12 ноября на видеосервисе Wink выходит «Сибирь» Абеля Феррары, один из самых диких, странных и запутанных фильмов года — психоделическое путешествие Уиллема Дэфо по темным углам мужского подсознания. Премьера фильма состоялась в основном конкурсе 70-го Берлинского кинофестиваля, где поставила в тупик и критиков, и зрителей, и жюри. Максим Заговора поговорил с режиссером о Сибири и «Сибири», Нью-Йорке и Риме, психоанализе, терроризме и гендерном равноправии
Вы представляете, чего ждет российский зритель от фильма с названием «Сибирь»?
Да, могу представить, но, боюсь, его ждет большой сюрприз. Судить о фильме по названию — так себе стратегия. Конечно, мы снимали фильм не про Россию, хотя в нем и звучит русская речь. Это фильм-путешествие внутрь себя, психоделическая и психотерапевтическая сессии одновременно. Впрочем, я сейчас все это говорю и понимаю, что слово «Сибирь» на самом деле неплохо описывает наше кино. Не буквально, конечно, а на уровне ощущений.
Вы ведь в Сибири никогда не были?
Никогда. У меня в голове существовал некий образ пространства, но выяснилось, что к реальности он отношения не имеет. Мне почему-то казалось, что в Сибири должны быть заснеженные горы — а там же их нет, поэтому мы отправились искать горы в Миннесоту, в США — а это моя родная страна, на секундочку, я в ней вырос,— и оказалось, что там тоже нет гор! В итоге мы снимали в Альпах. Понимаешь? В Сибири нет гор, в Миннесоте нет гор, а в фильме «Сибирь» они есть. Моя Сибирь — это метафора изгнания.
Кажется, тут дело вообще не в природе.
Да и в ней, кстати, тоже. Зима — принципиальное условие фильма. Я хотел, чтобы это была одновременно зима Солженицына и Джека Лондона. Красота, ужас и холод. Холод ведь тоже важная составляющая изгнания.

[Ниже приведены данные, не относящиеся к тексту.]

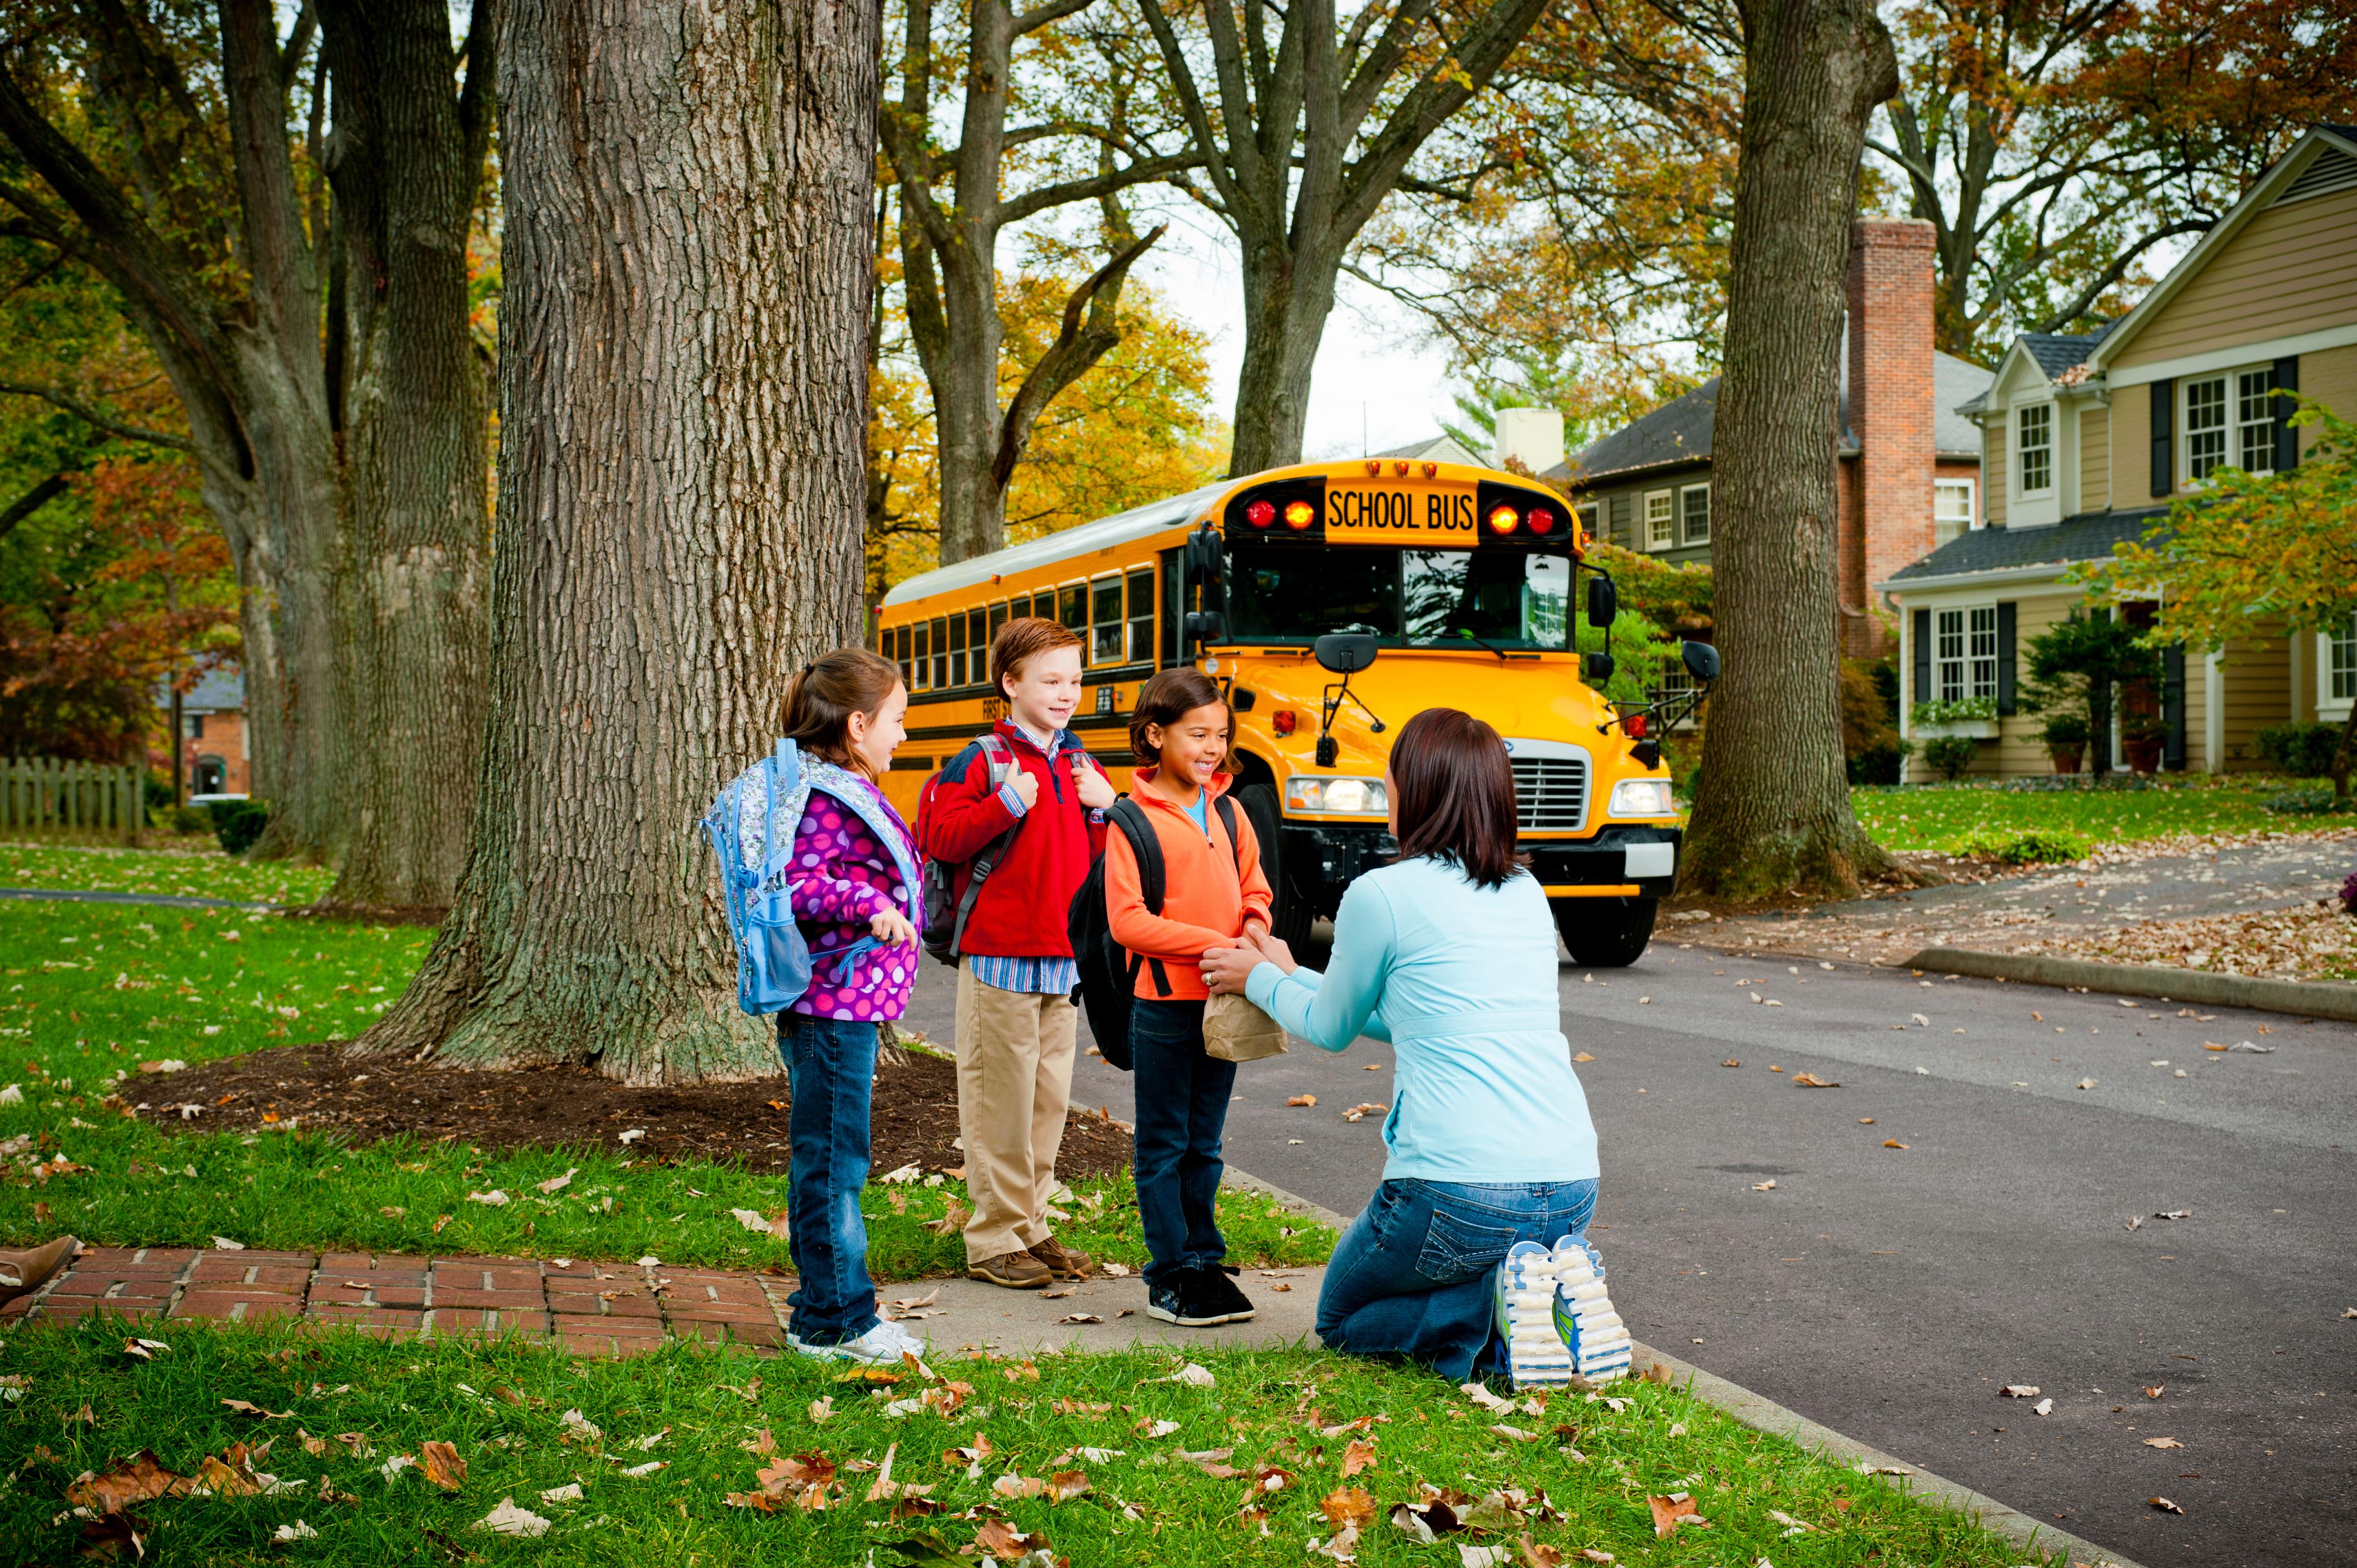 Helping Kindergartners love riding the bus

Как антитеза теплому дому?
Ты точно думаешь о доме, находясь в ссылке. Но когда герой Уиллема Дэфо обращается к своему дому — этот дом в огне. Если ссылка — это путь, то дорога назад — путь к горящему дому. И еще для меня было важно, что Сибирь — это такой топоним, который звучит более или менее одинаково на всех языках. И все сразу представляют себе образ, который за этим словом скрывается.
Где ваш дом сегодня?
В Риме.
Нью-Йорк вы уже домом не считаете?
Слушай, я живу в Риме шесть лет, думаю, этого достаточно, чтобы почувствовать себя дома. Родом я из Нью-Йорка и всегда буду американцем, но если ты спрашиваешь про дом — то сегодня это Рим.
А это вообще важный для вас вопрос: где ваш дом сейчас?

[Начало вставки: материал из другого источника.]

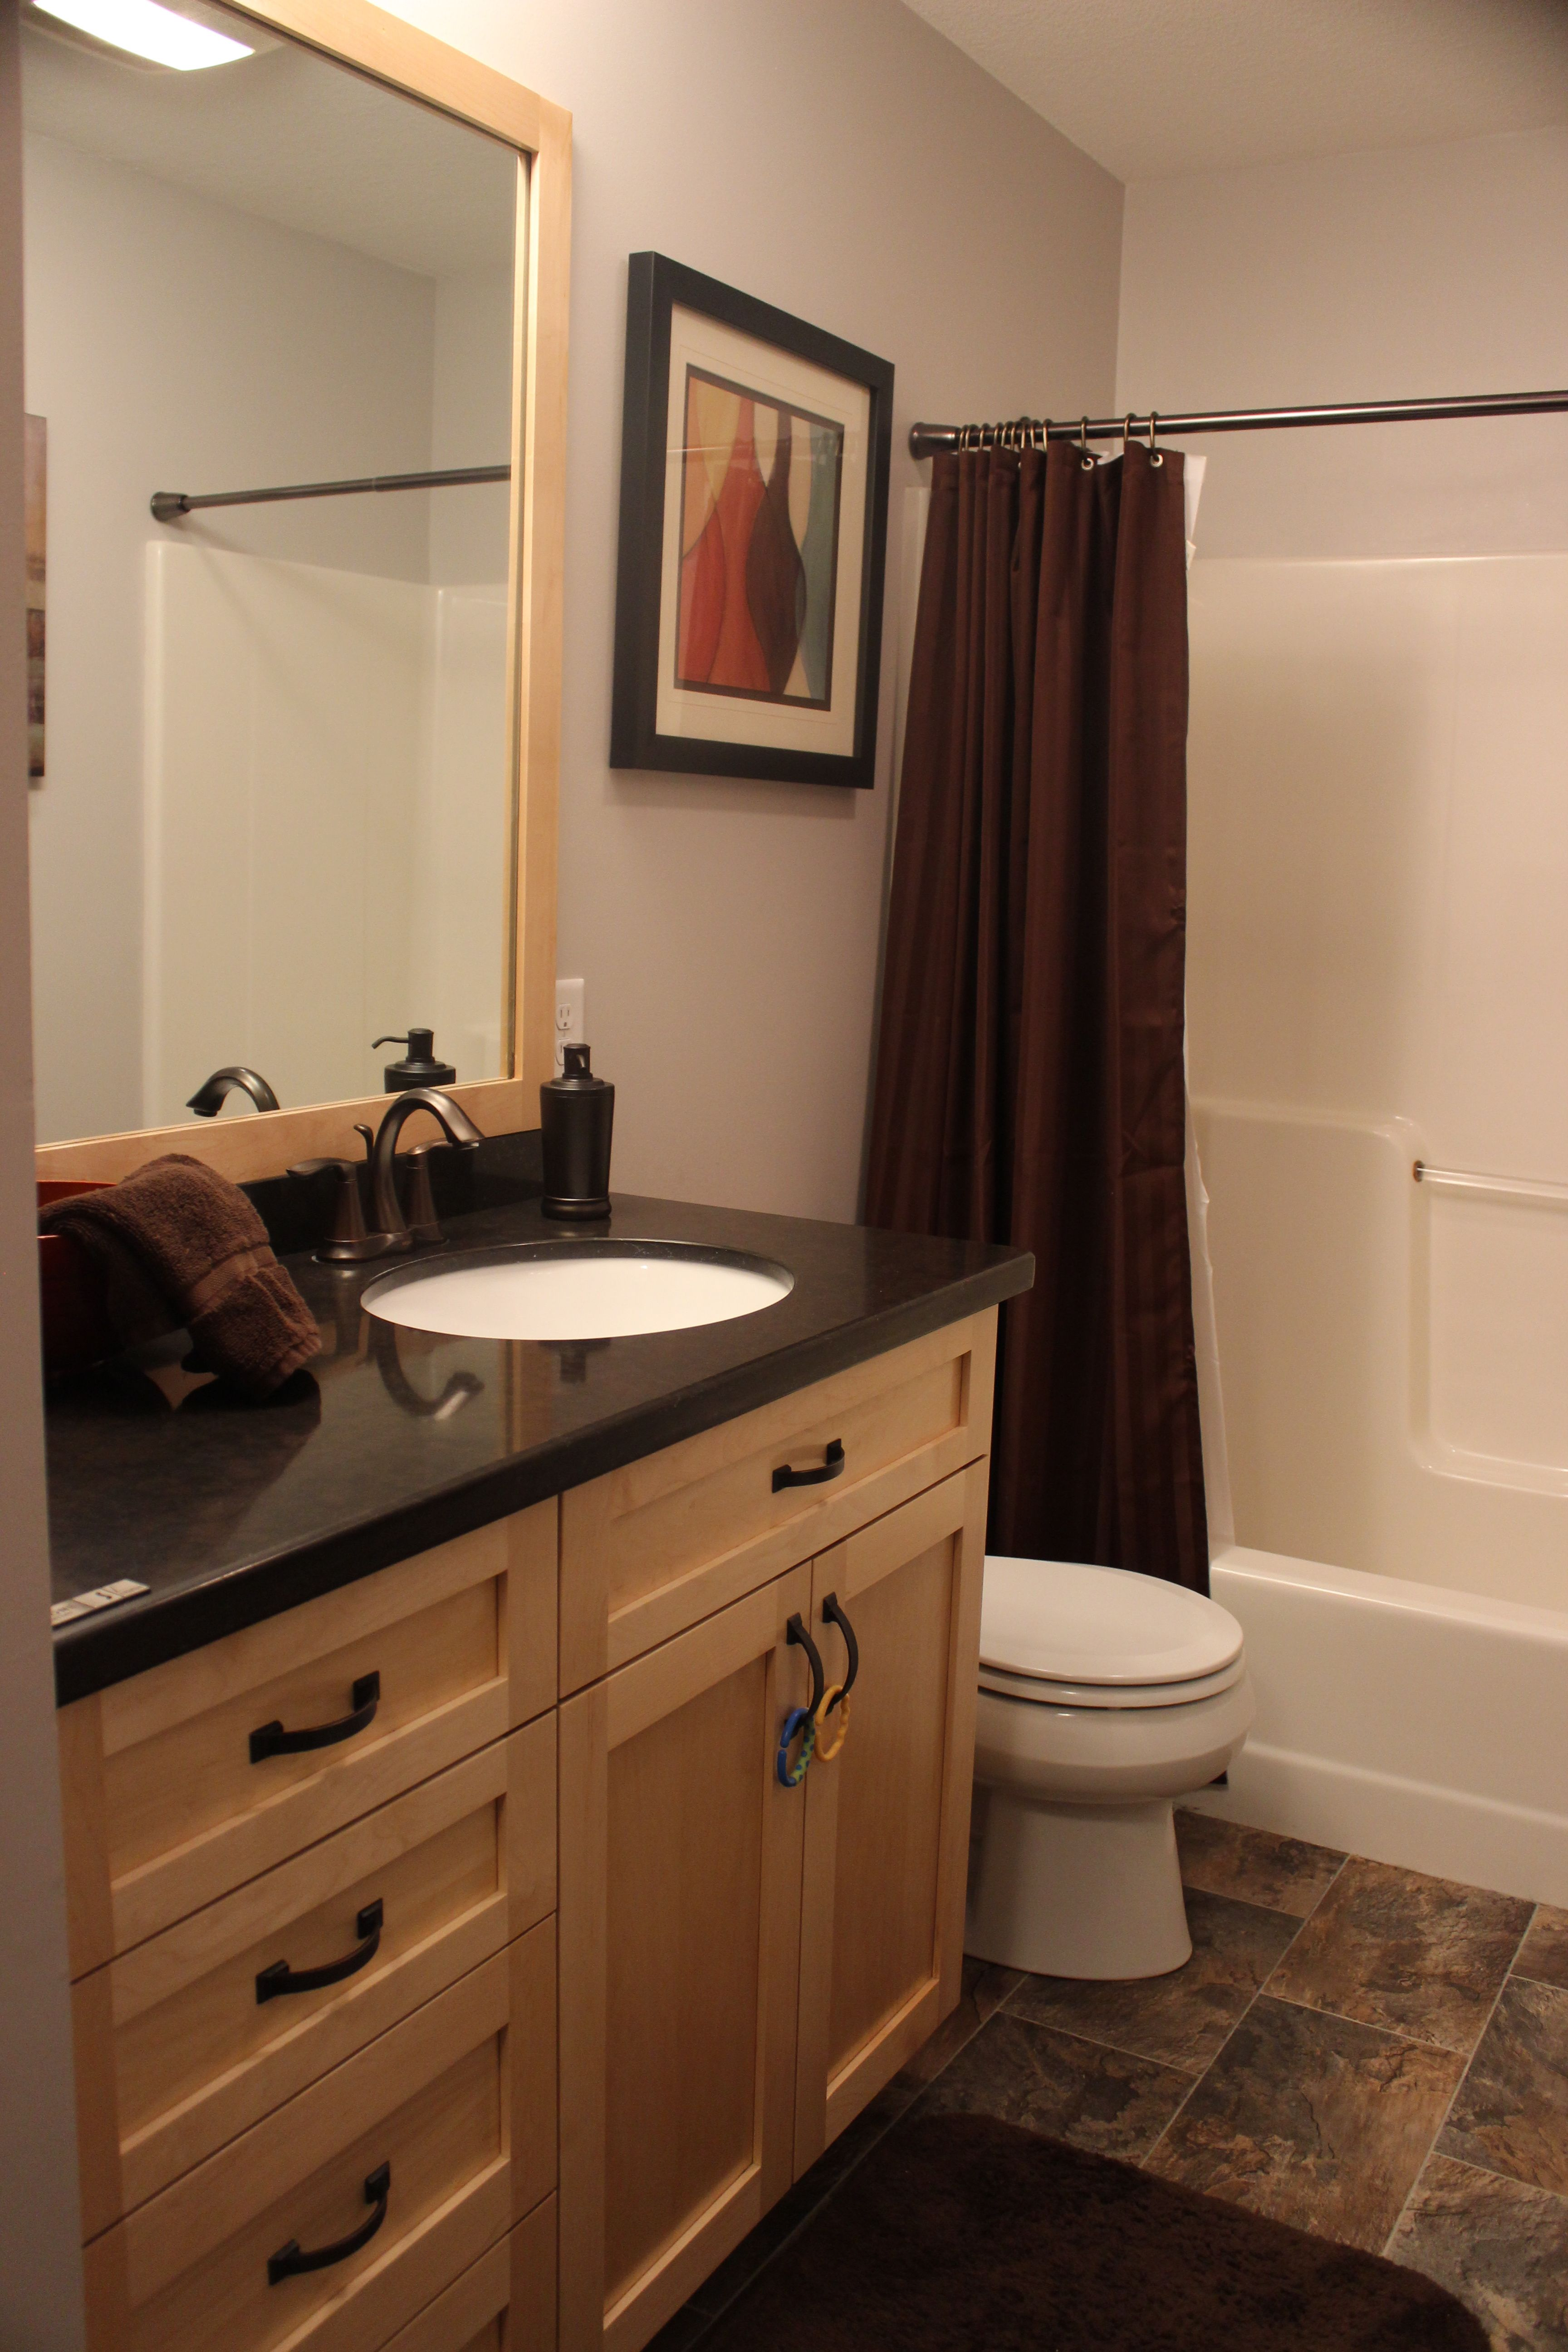 Full Bathroom-Quartz countertops, vinyl floors, maple ... on Bathroom Ideas With Maple Cabinets  id=30616

Совсем нет. Я могу жить в Петербурге, Москве, Риме, Нью-Йорке. Так устроен современный мир.
А как же язык?
Да, было бы здорово говорить по-итальянски, раз уж я поселился в Риме. Вот Уиллем, который живет буквально на соседней улице, говорит гораздо лучше меня!
Чем для вас Рим отличается от Нью-Йорка?
Здесь другое ощущение культуры и истории. В Риме ты чувствуешь значение пространства. А еще мне хорошо в Италии, потому что сюда еще не проник этот индустриальный подход к кинематографу, который захватил Америку. Там тебе надо все время что-то кому-то доказывать, биться за возможность снимать — это утомляет, я устал от всего этого дерьма. Устал объяснять людям, кто такой режиссер и почему один человек является таковым, а другой нет. В Америке люди думают, что режиссером может быть любой, что все — режиссеры. Что любой может снять так же, как я. Все думают, что умеют монтировать, снимать, писать. Искусство превратилось в тупой набор ремесел. Нью-Йорк — это креативный, мать его, кластер, заполненный сраными творческими людьми. Почему-то случайного человека со скальпелем не называют хирургом — а чем режиссер хуже? Я — режиссер, понимаешь? У меня есть образование, опыт и определенные способности. Невозможно просто взять камеру и делать то же самое. Хрена с два у вас получится. Понятия не имею, почему все думают, что это так просто.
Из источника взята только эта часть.